### DATA EXCERPT
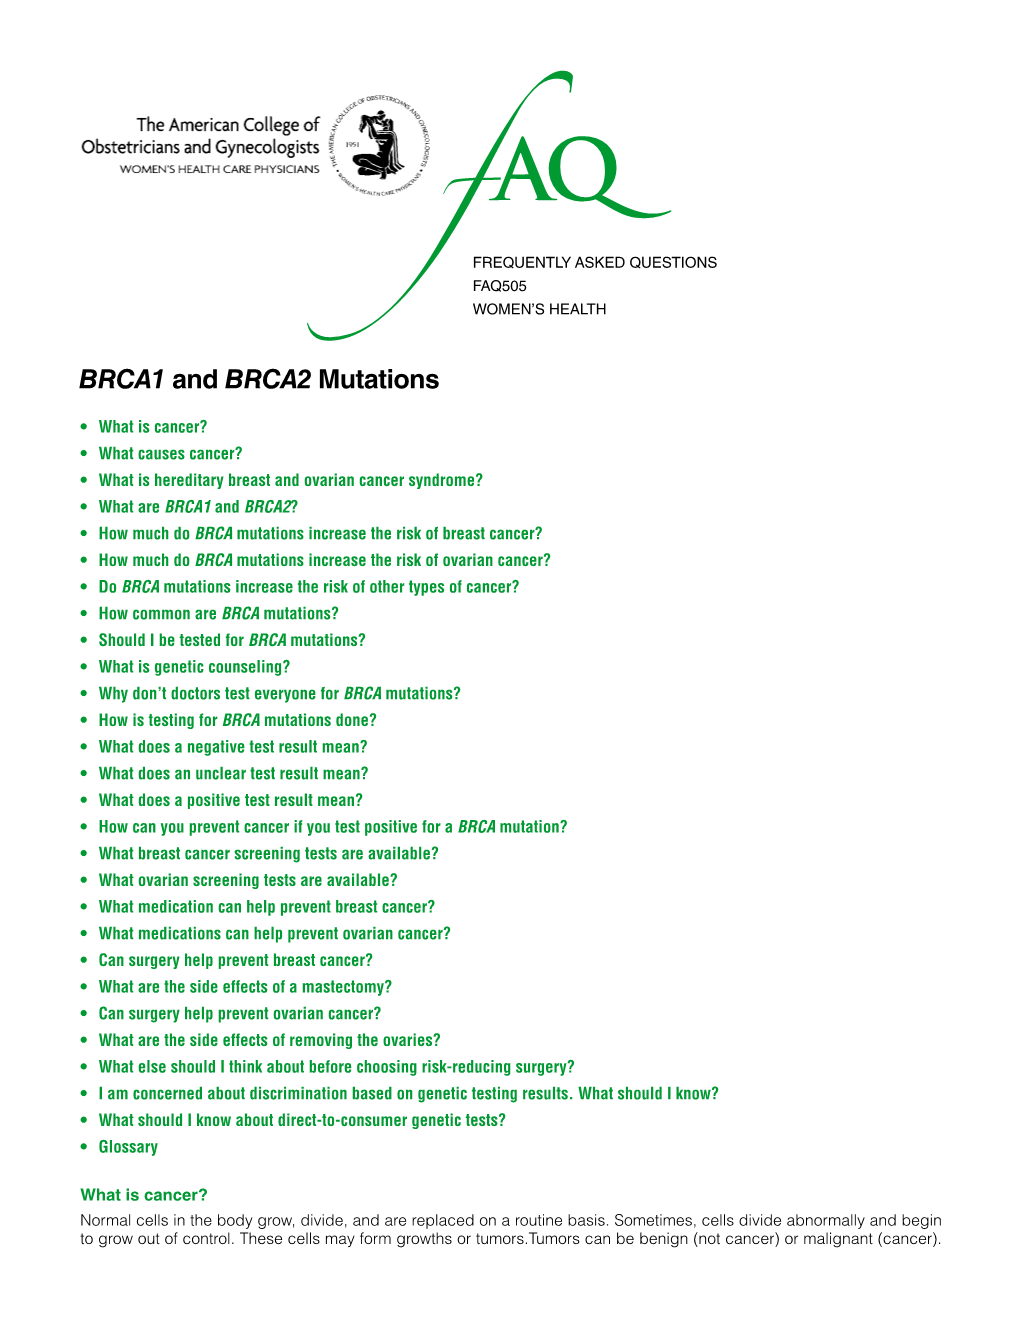 FAQ505 -- BRCA1 and BRCA2 Mutations
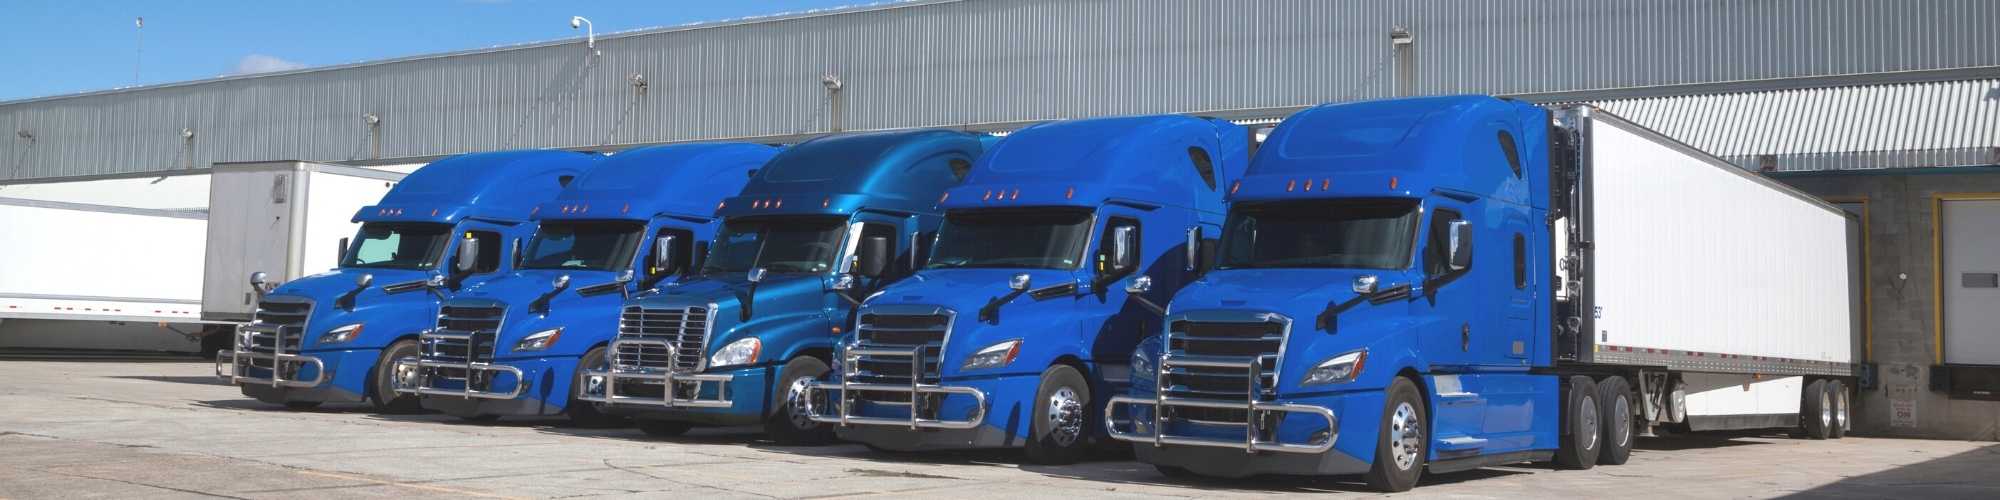 trucks ready for cross docking at warehouse
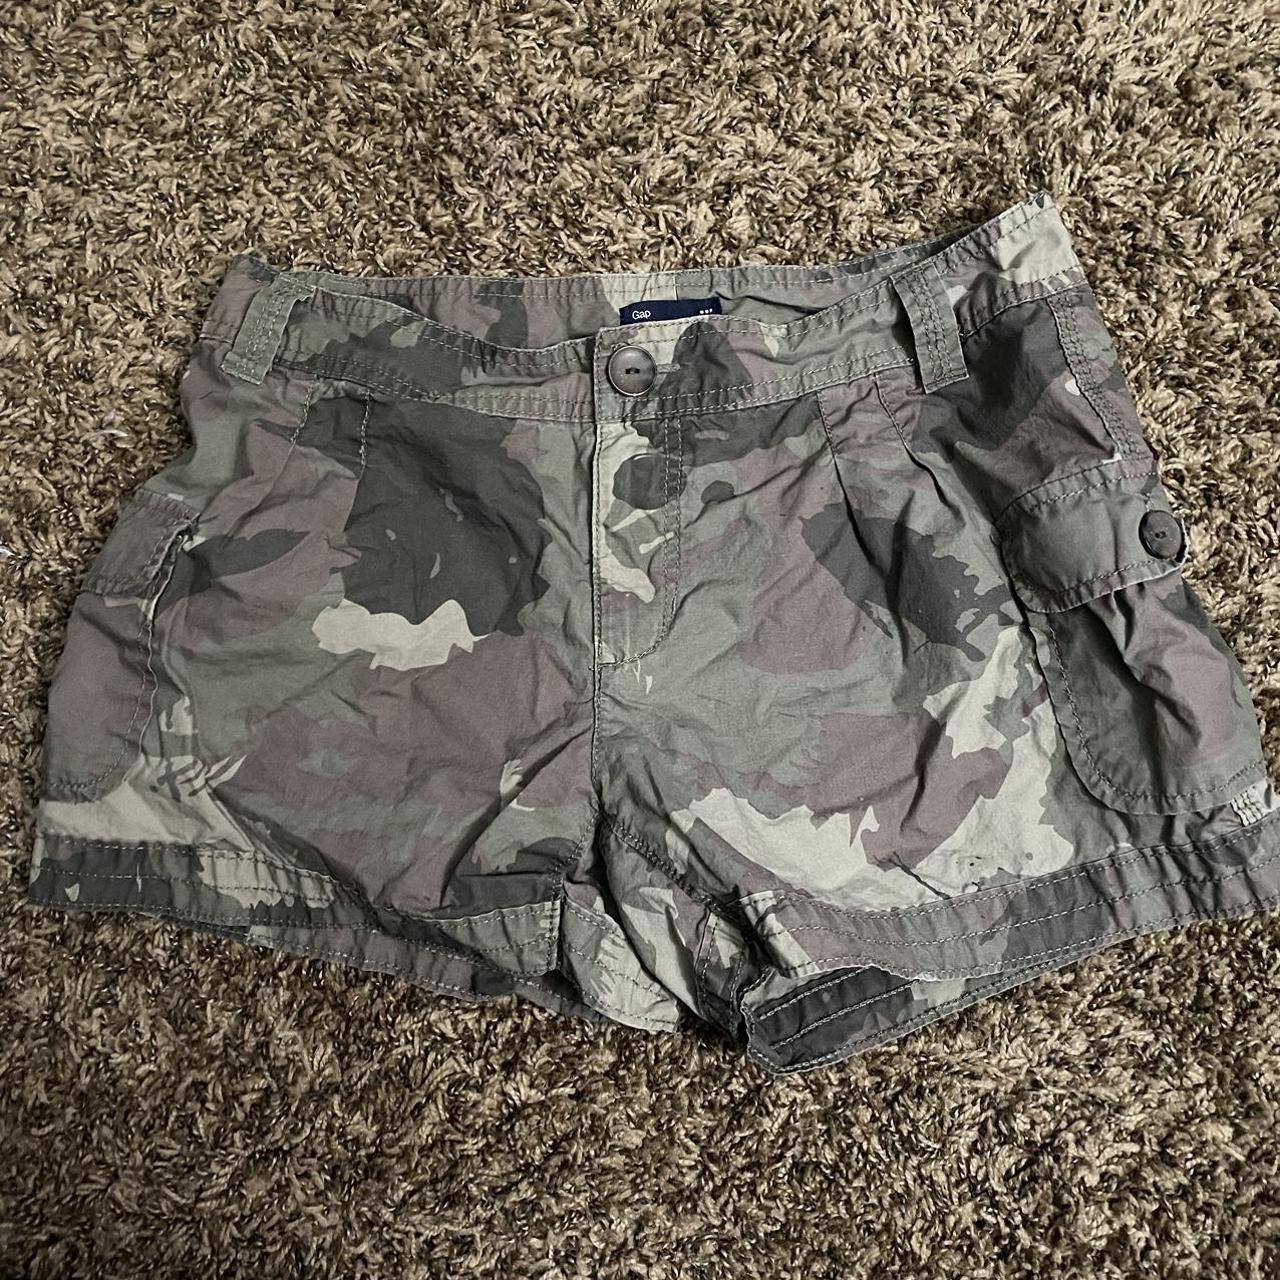 Gap Khakis Camo Cargo Shorts Men039s Size 33 Woodland Print Utility  Military  eBay

### YOUR GOAL
For this exercise, write the listing out again exactly, excluding all images.

### EXERCISE SOLUTION
 FAQ505 -- BRCA1 and BRCA2 Mutations
 trucks ready for cross docking at warehouse
 Gap Khakis Camo Cargo Shorts Men039s Size 33 Woodland Print Utility  Military  eBay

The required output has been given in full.